According to Hitler: The Rise of Evil, the dictator's early life went as follows: he hated his father; he burnt his father's beehive; his father beat him; his father died; he raged at his mother; his mother died; he lived rough in Vienna, and he woke up one morning as Robert Carlyle.
It was all wrapped up in the pre-credits sequence. The continuity announcer had promised us that the lavish two-part biographical drama would be starring Stockard Channing; yet, playing his mother, she featured for hardly much longer than it took her name to flash across the credits. It was a confusion of scenes, bounding through the years, leaping through adolescence, a summary of a previous episode that never was.

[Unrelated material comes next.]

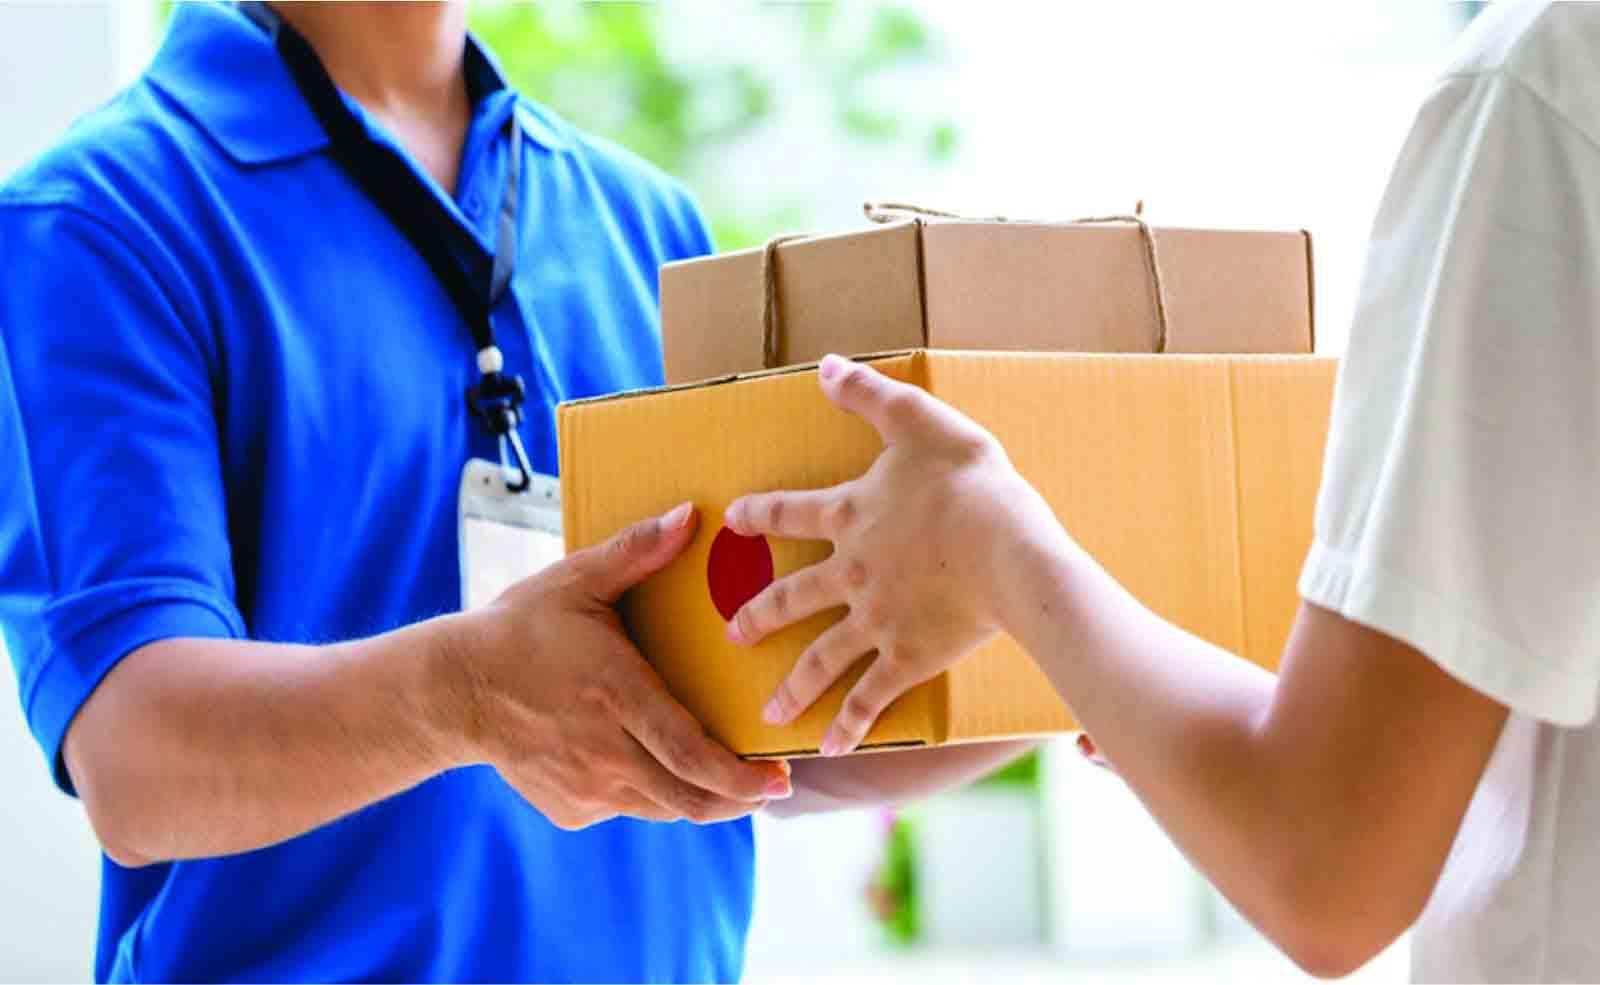 nhân viên nhận hàng tại nhà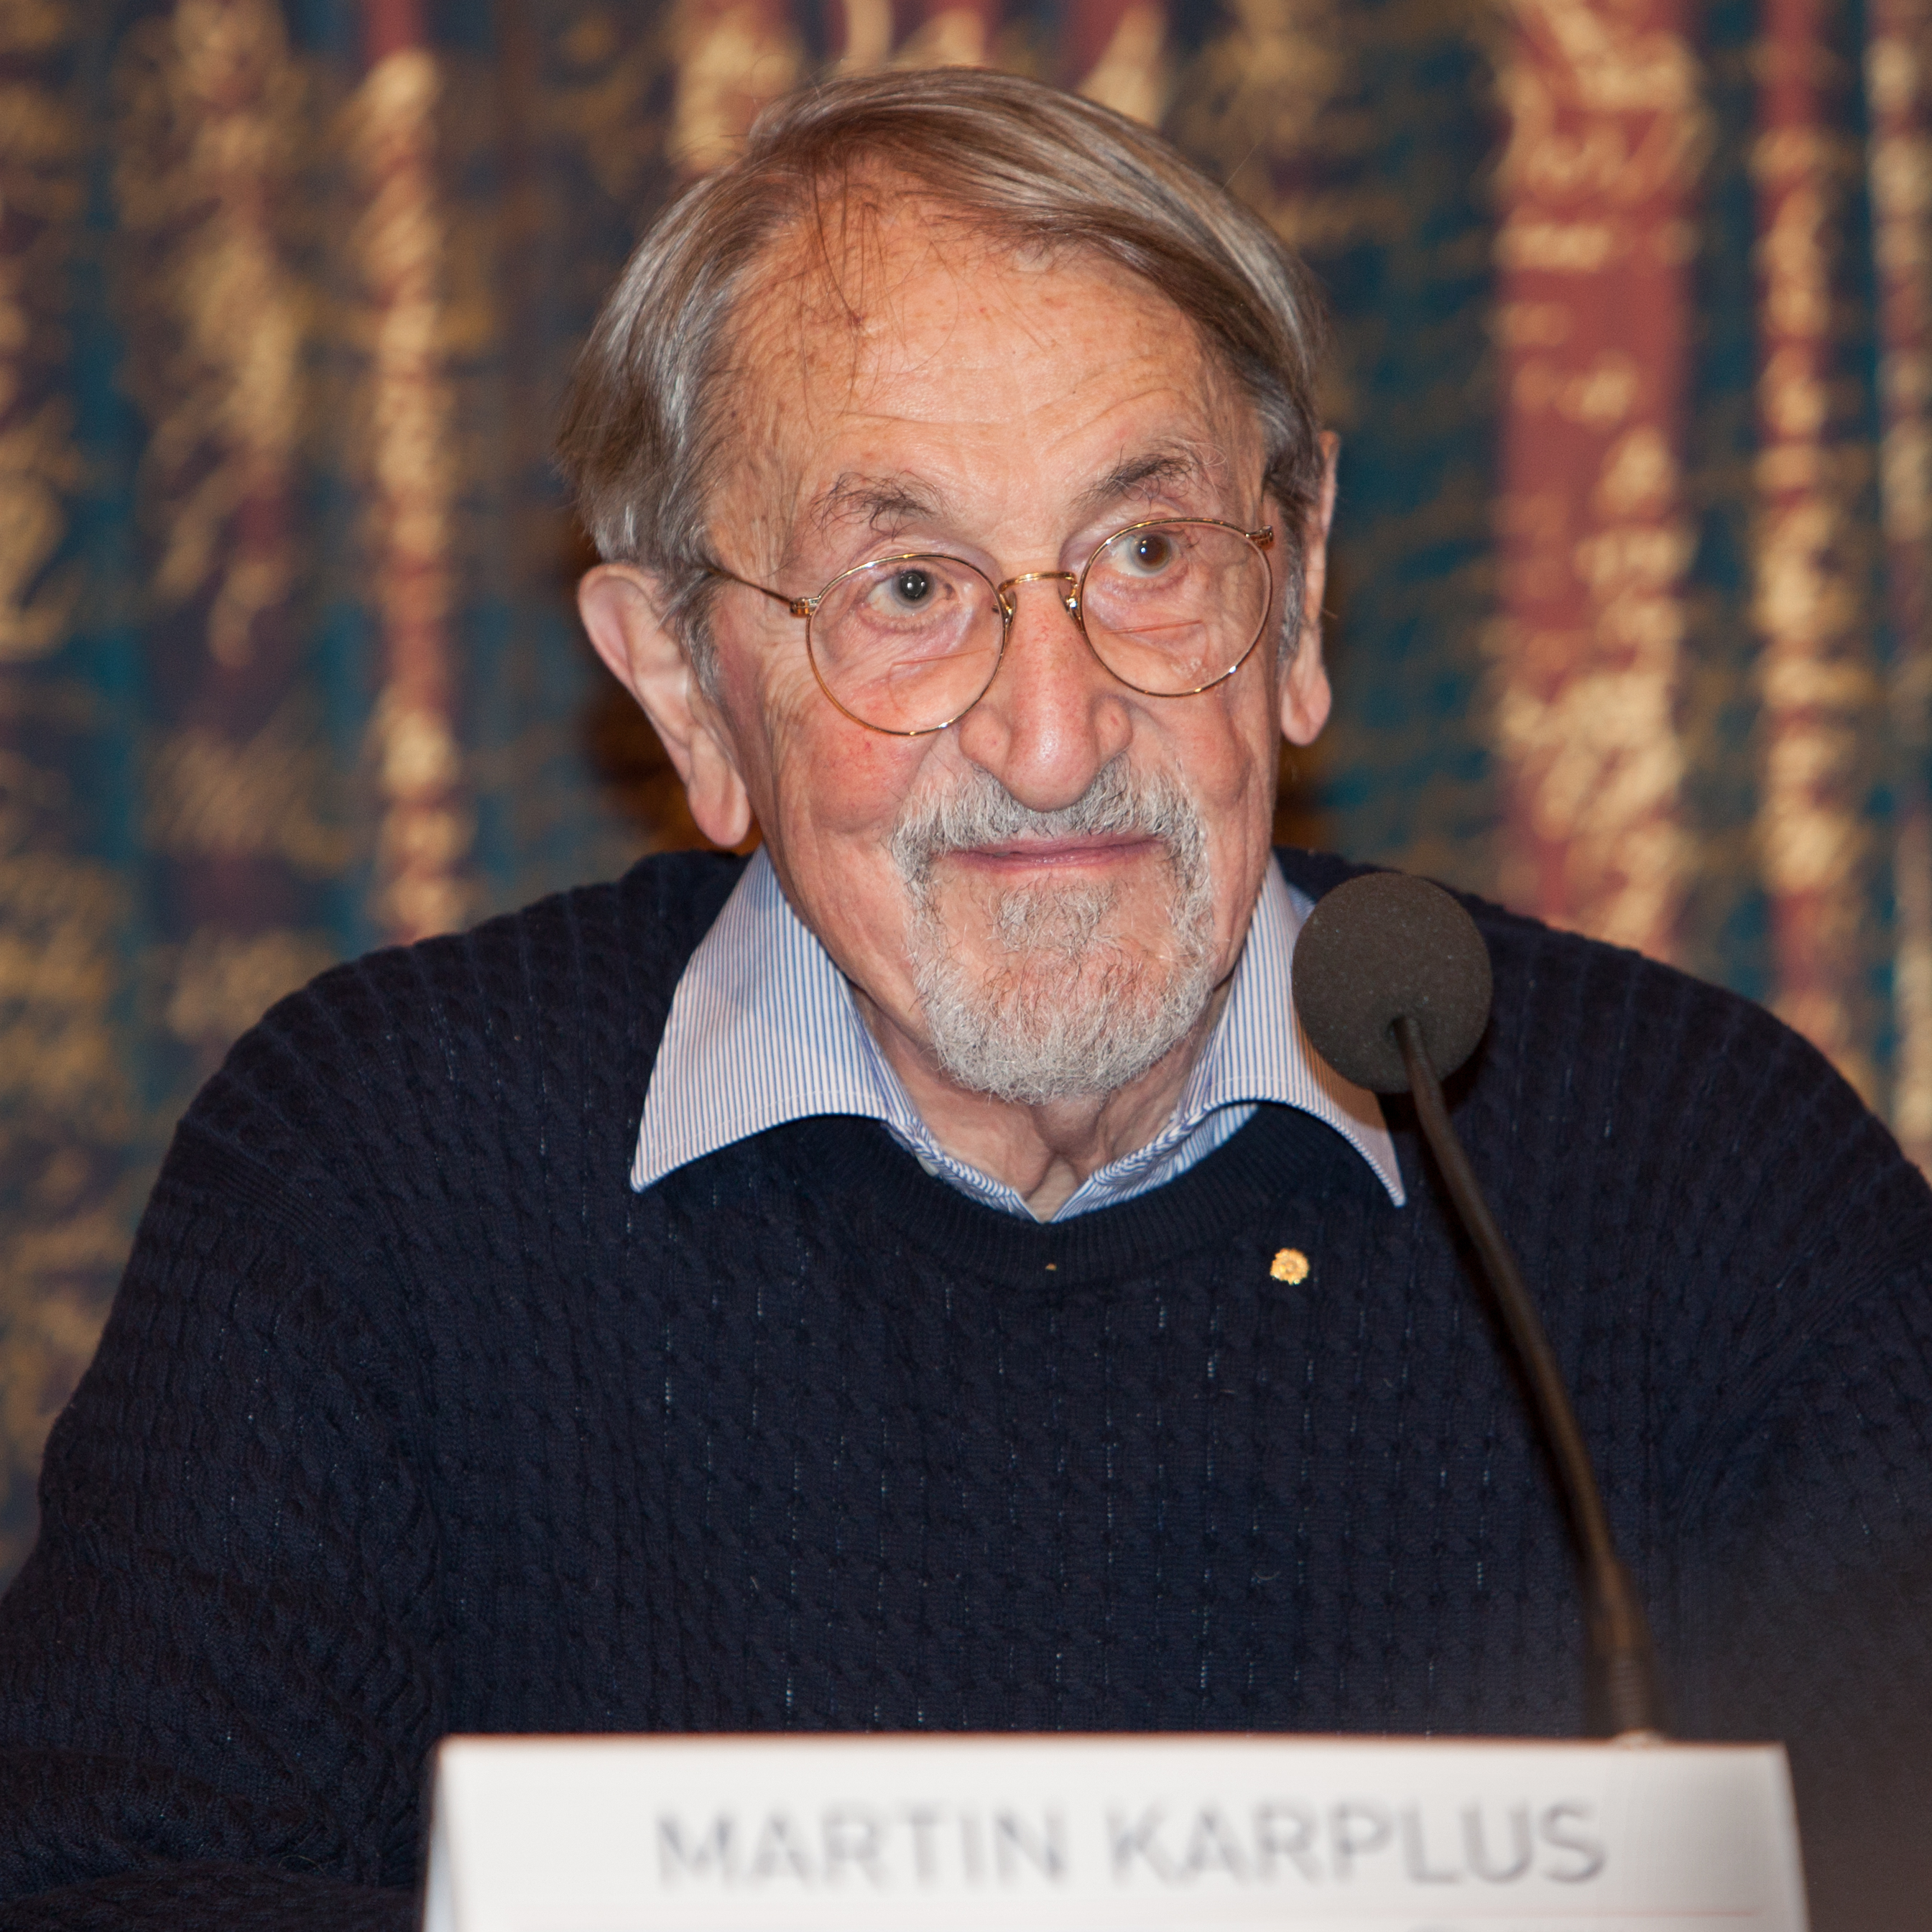 Martin Karplus bei der Pressekonferenz zur Verleihung des Nobelpreises 2013, Foto: Bengt Nyman, CC BY 2.0

The programme settled down when the young Hitler went to war and it developed into competently scripted and beautifully rendered historical drama, but it really only went through the checkpoints on Hitler's rise to power. It used the old tricks of the screenplay to update us on sweeping historical events. A newsboy shouted: "War! War! Austrian archduke's assassination leads to war!" You half expected him to add, "and in other news . . ."
There is some fine support acting, notably from Peter Stormare as the head of Hitler's thugs, the SA, and Liev Schreiber as Ernst Hanfstaengl, industrialist and Nazi link to Germany's sympathetic upper-class.
Carlyle is excellent in the title role, resisting the perils of playing a man both horribly familiar and always open to parody. Physically, he is rigid with anger, his speech a shower of phlegm and food, his eyes large and black. However, he is allowed to reveal nothing of Hitler's reported personal charm and the drama is utterly resistant to any notion of humanising him.
This is a CBS-funded film and is neutered by sensitivities. The rush through to adulthood perhaps suggests a nervousness about filling in the crevices of his character, in case this could be equated with sympathy rather than the need to understand.
For example, we were asked to believe that Hitler's anti-Semitism was, in part, picked up from the passing remarks of a fellow vagrant during his time in Vienna.
The Rise of Evil lacks nerve and finds refuge in superficiality. Hitler's soul may have been black, but here we are given little sense of the darkening shades.